Overall Goal: To identify genes and pathways or mechanisms associated with patient reported outcomes (PRO) in an important area of symptom science: chemotherapy induced peripheral neuropathy (CIPN). Background: CIPN is the most important unmitigated toxicity of cancer treatments. As survivorship ranks grow, CIPN incidence continues to rise. 400,000 new cases occur yearly adding annual healthcare costs of $2.3 billion. Studies by us and others have associated CIPN susceptibility with single nucleotide variants (SNV) in several genes suggesting that CIPN is a complex genetic trait. Preliminary Data: CIPN phenotyping by adverse PRO provided statistical power equivalent to increasing the patient number (compared with prior designs) 5.1-fold. In a whole exam sequencing (WES) study we found that CIPN was associated with common SNV and rare deleterious mutations in genes shared with hereditary neuropathies. Through an exam-wide analysis, we identified the myelination pathway as a molecular mechanism linked to CIPN through genetic variants. Hypothesis: Rare and common genetic variants contribute to the hereditary basis of CIPN PRO. Statistical power considerations guide the Approach. WES has a record of successful implementation in small cohorts such as the NHLBI acute lung injury WES (n=88) and the NHLBI chronic P. aeruginosa infection WES (n=91). Our inaugural WES study on CIPN was also small, n=119, yet provided results with study-wide significance by prioritizing biologically informed hypotheses and by testing per-gene/pathway. The proposal aims to increase power further by larger cohorts; it also extends our studies to another class of chemotherapy drugs causing CIPN.
Aim 1. Determine rare coding mutations and common SNV by WES in 180 patients with extreme CIPN PRO phenotypes in the oxaliplatin trial N08CB; test HN genes for an association with CIPN due to rare mutations or common SNV; identify molecular mechanisms/pathways genetically associated with oxaliplatin-CIPN.
This aim will apply the methods from our paclitaxel WES study (preliminary data) to a new drug class (platinum's).
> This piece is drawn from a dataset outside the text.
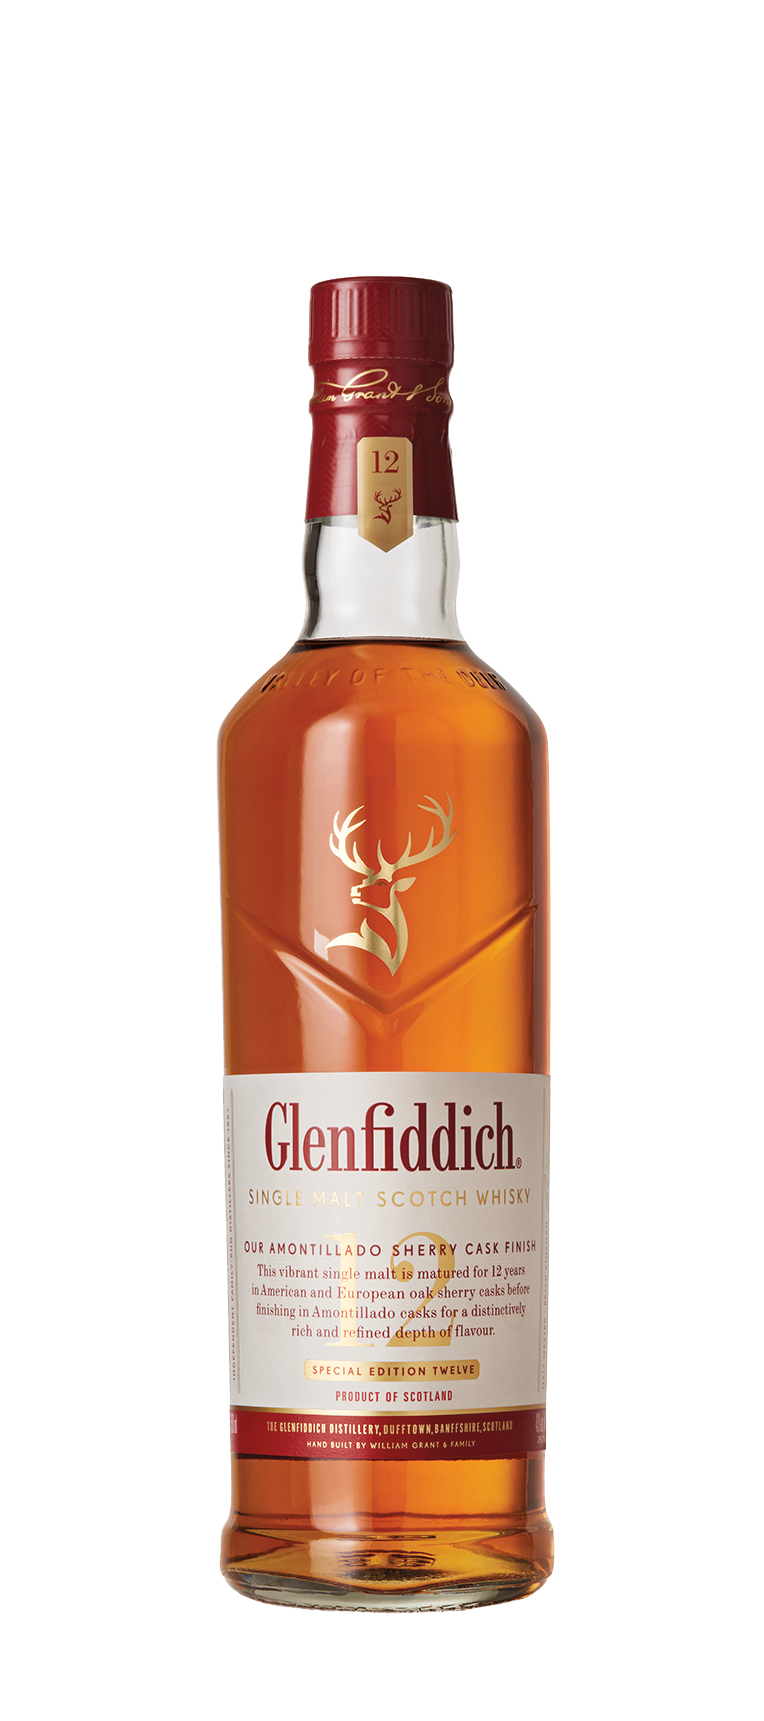 Glenfiddich 12 Year Old Amontillado Sherry Cask Finish
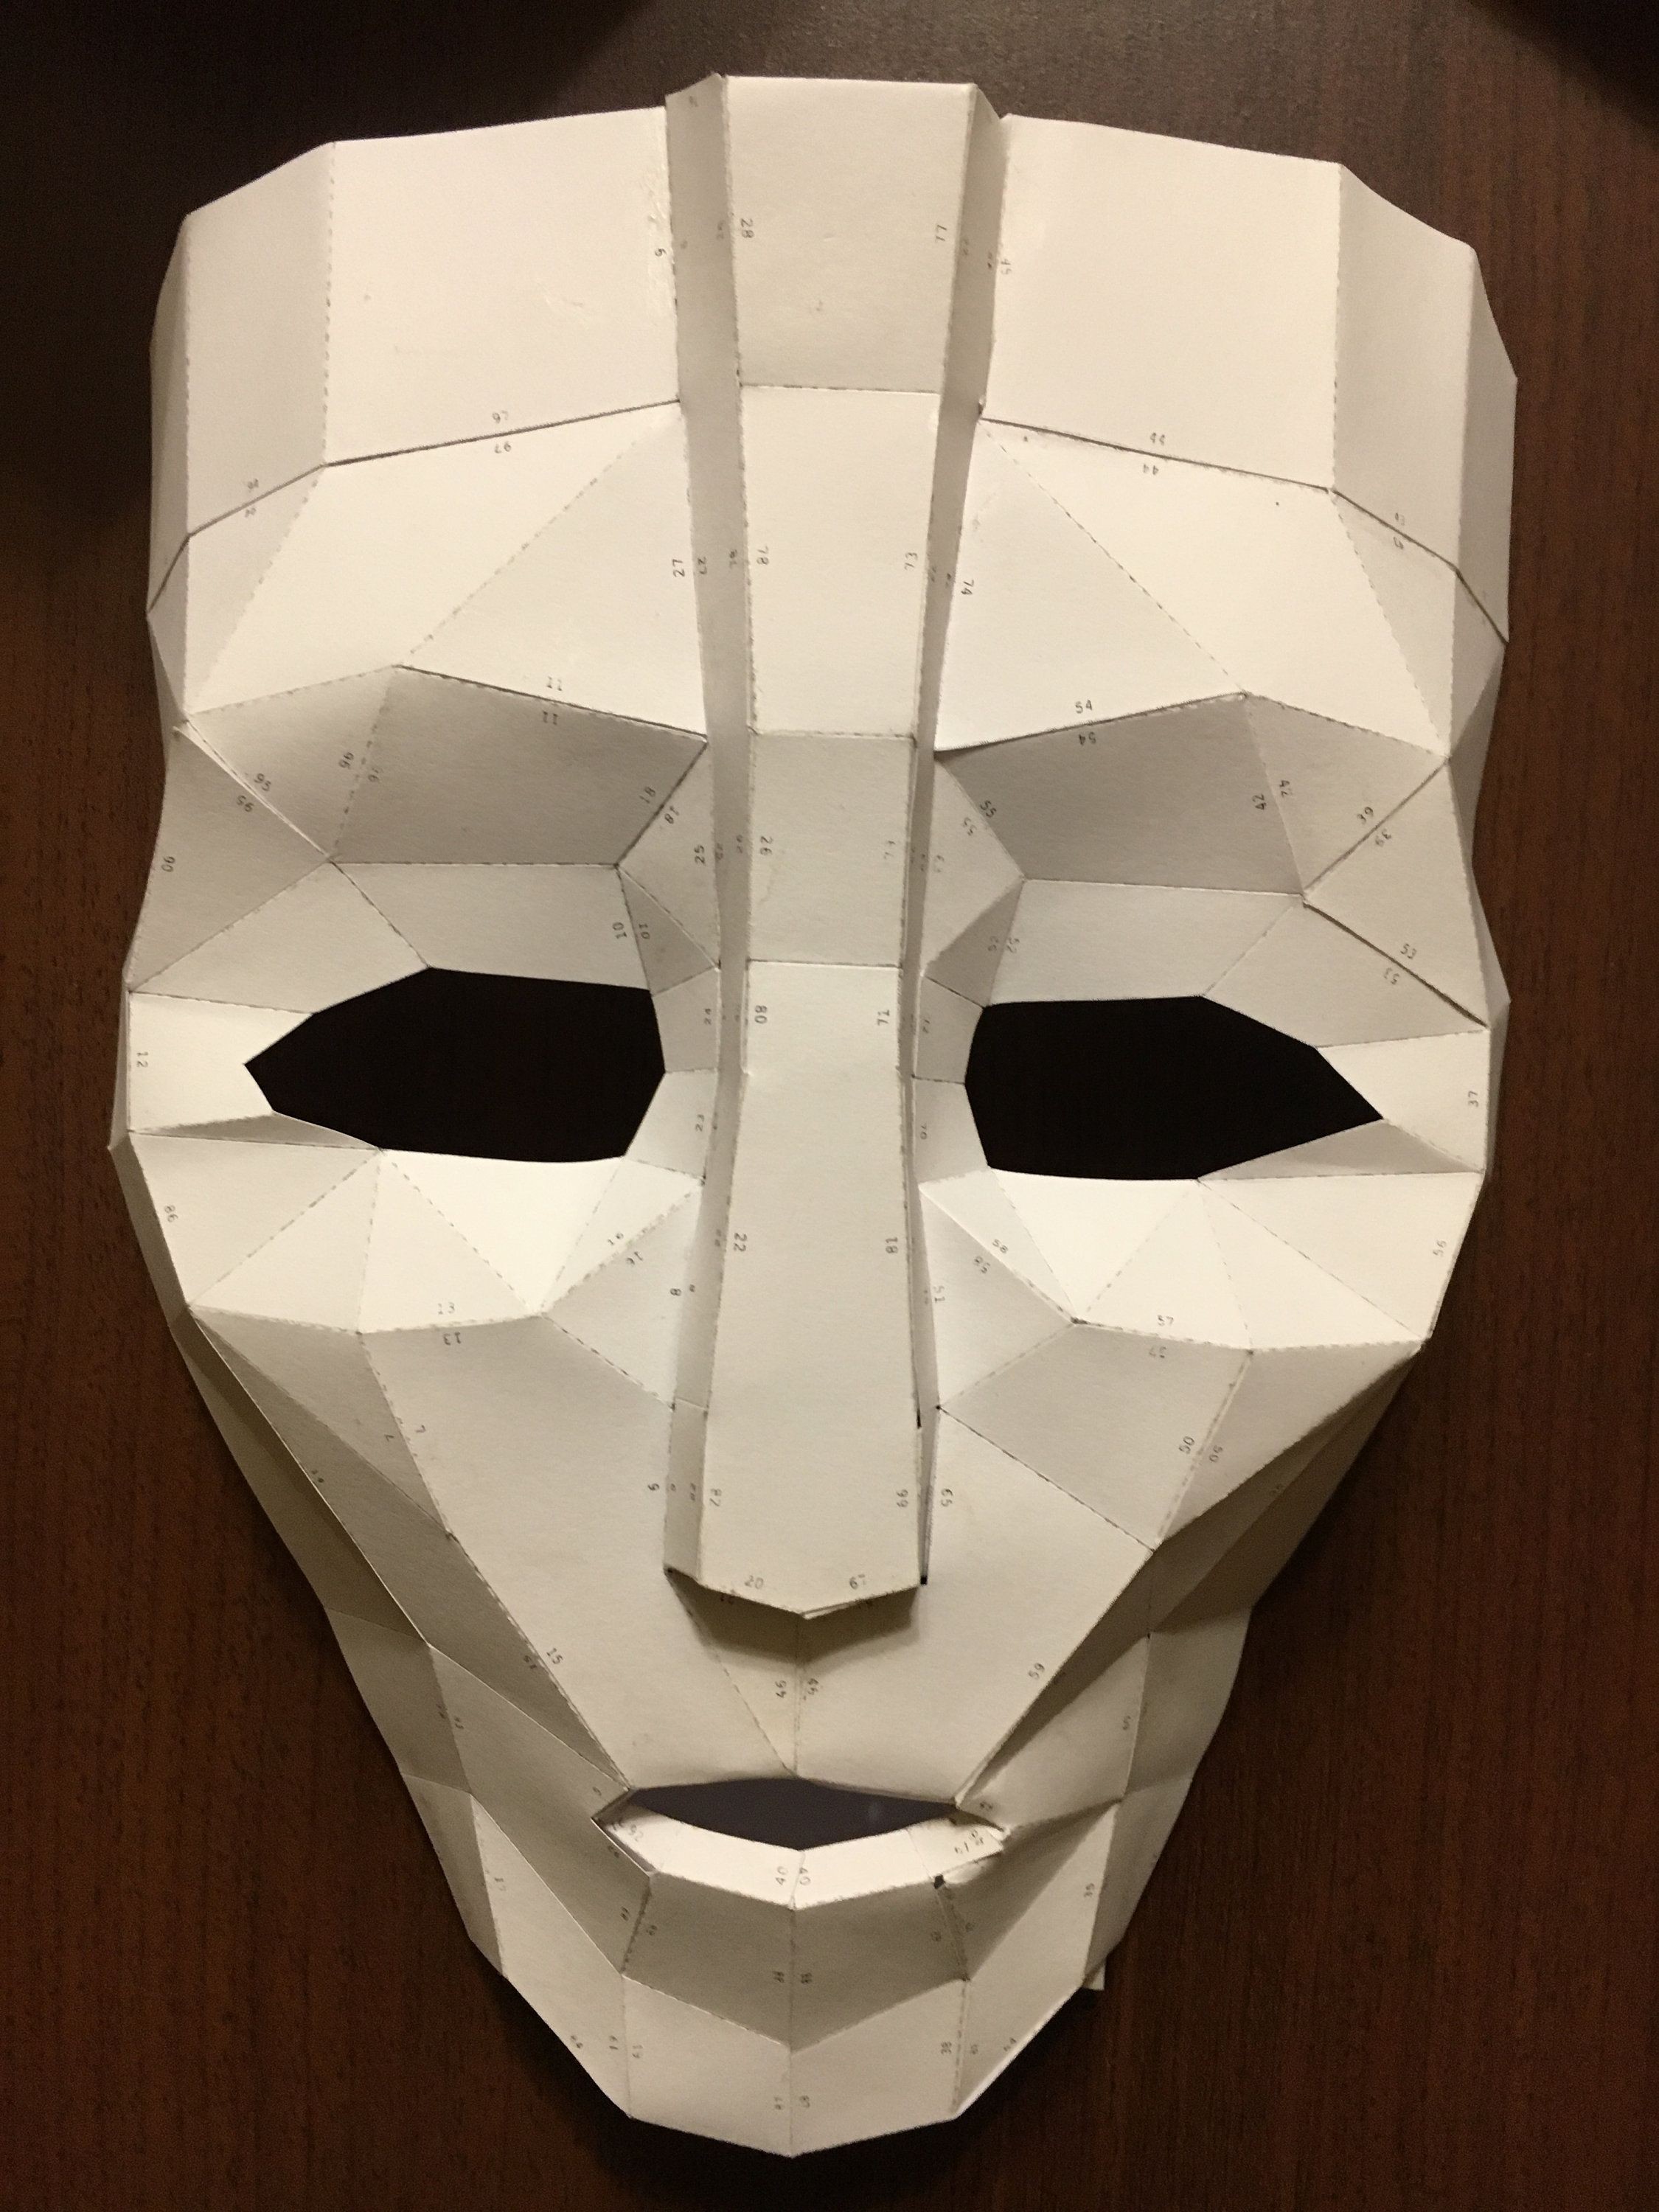 Hollow Mask Papercraft Loki Mask Diy Papercraft Model ÐÑÐ¼Ð°Ð¶Ð½ÑÐµ Ð¸Ð·Ð´ÐµÐ Ð¸Ñ

Aim 2. Test if increased genomic variation in regulatory (non-coding) regions of CIPN candidate genes is associated with the PRO phenotype.
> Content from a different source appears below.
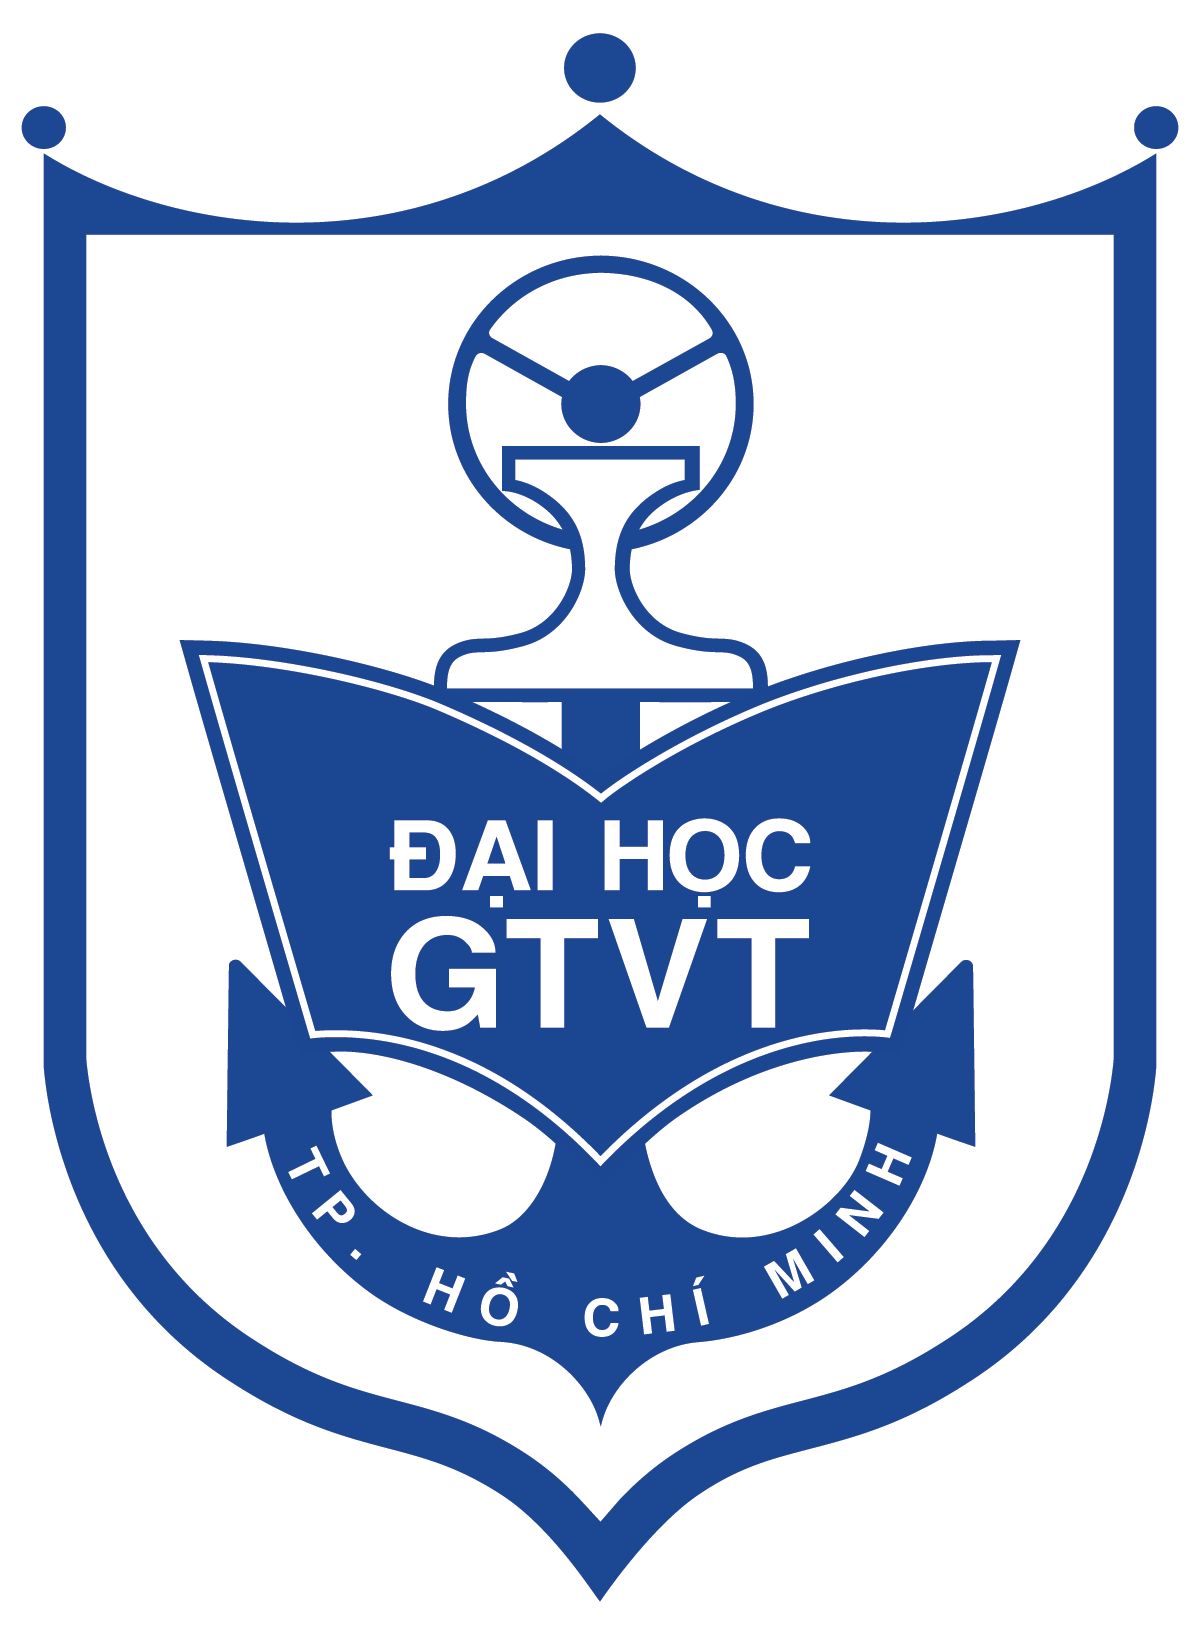 Logo DH Giao Thong Van Tai TPHCM HCMUT

This aim will apply a new method, whole genome sequencing (WGS), to patients previously analyzed by us with WES.
Aim 3. Analyze candidate genes nominated because of a role for QOL unrelated to peripheral nervous system (PNS) biology: forebrain- and immune system mechanisms.
Aim 4. Validate key results from Aims 1 and 2 by sequencing a newly designed CIPN custom gene panel in two independent cohorts with serial CIPN phenotyping (n=400 paclitaxel, n=400 oxaliplatin). Responsiveness to FOA 13-264: The proposal responds to the FOA by using WES and WGS as emerging technologies to predict individual susceptibility of patients to CIPN symptoms, which will be quantified with innovative methods based on serial PRO. Diverse information consisting of rare and common germ line genetic variants with coding and regulatory functions will be integrated.

Public Health Relevance

Chemotherapy induced peripheral neuropathy (CIPN) is the most important unmitigated toxicity of cancer treatments. CIPN symptoms consist of chronic pain, loss of sensation, and autonomic dysfunction. More than 400,000 new cases occur yearly adding annual healthcare costs of $2.3 billion. Oxaliplatin and taxanes are the single most important cause of CIPN. The proposed study examines the genetic basis of oxaliplatin and paclitaxel -CIPN with dual long- term goals: First, to improve our ability to predict whether an individual patient is at risk and, second, to understand the molecular mechanisms under genetic control that underlie CIPN.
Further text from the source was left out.